Craddock started to work in the United States in 1916 where she appeared in Vaudeville theatres. In 1917 she and Japanese dancer Michio Itō were the specialty dancers with Adolf Bolm's company Ballet Intime. Roshanara also appeared with Ratan Devi who was a British singer who had been to India to study music. Devi was accompanied by her husband Ananda Coomaraswamy who was employed by the Boston Museum of Art as an expert on Indian culture. Coomaraswamy wrote about how Roshanara was an authentic nautch dancer in contrast to Ruth St Denis who a few years before had shown Indian style dances.

Craddock arrived as an "alien" emigrant in New York in 1923. Craddock taught dancing and the later film star, Bette Davis was one of her pupils.
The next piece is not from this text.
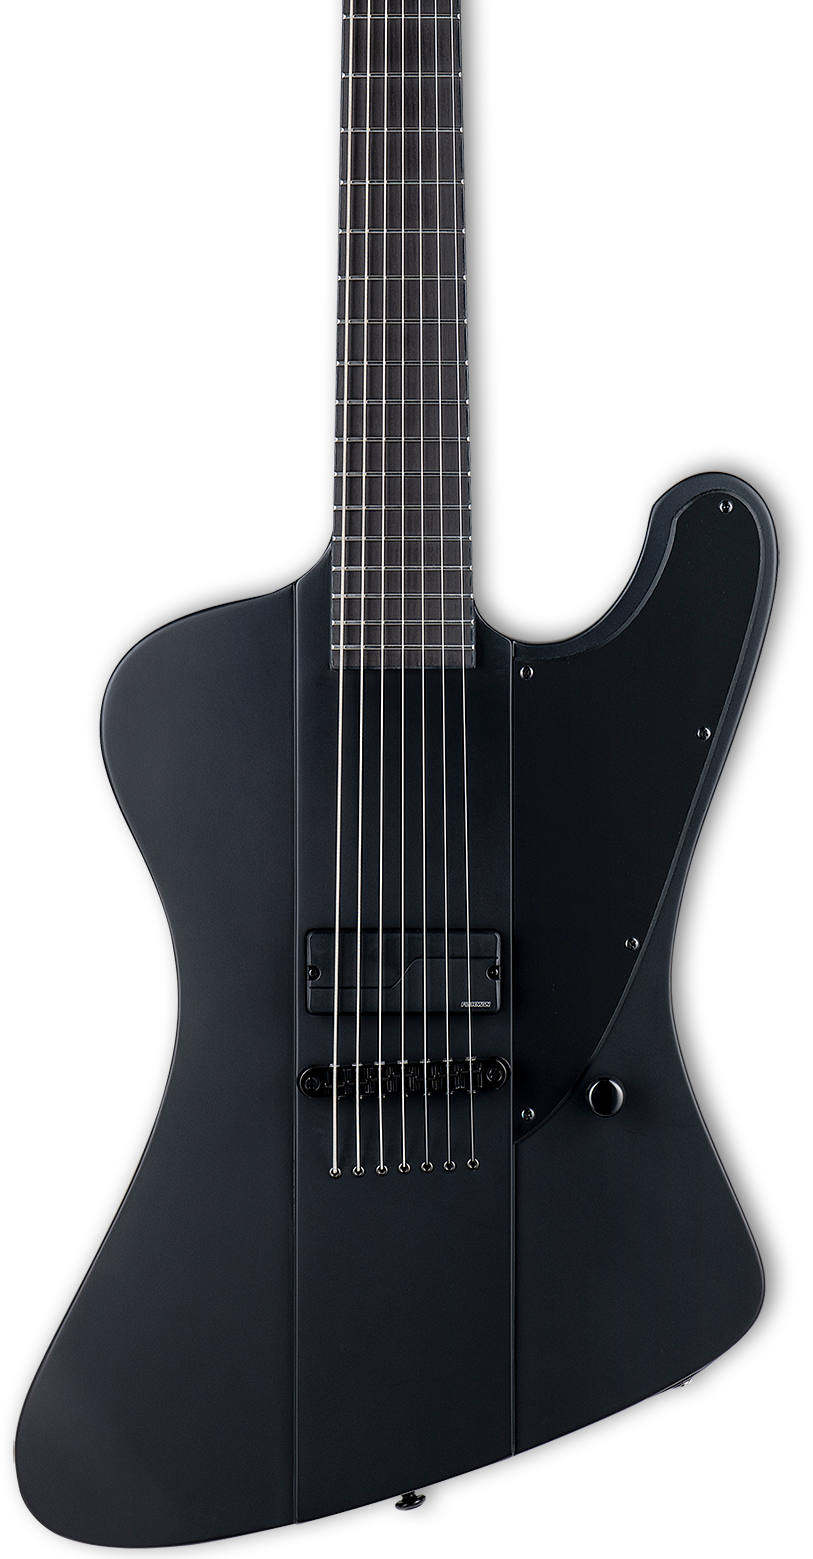 ESP LTD Phoenix-7 Baritone Black Metal Electric Guitar - Black Satin

She died in her thirties on 16 July 1926 in Asheville, North Carolina. from appendicitis.

==Works==
Roshanara copyrighted ten of her dances.

==Legacy==
Craddock has been compared to the American dancer Ruth St. Denis who popularised oriental style dances in America. Although Craddock had been trained in India she devoted her time to improving the perfection of her dance. Ruth St. Denis was inspired by Oriental style dance and she founded her own dance school where her students included Martha Graham. Craddock never established her own school and this is considered the reason that she never had the lasting impact that Ruth St. Denis made. Deborah Jowitt writes that Craddock's dances may not have been learnt in India in fact she believes there is a lot of similarity between Craddock's style and that of St Denis some years before. St Denis however seemed to respect Craddock and she followed her career.

Roshenara was captured by Ashcan painter Robert Henri. The painting sold for $132,500 in 2000.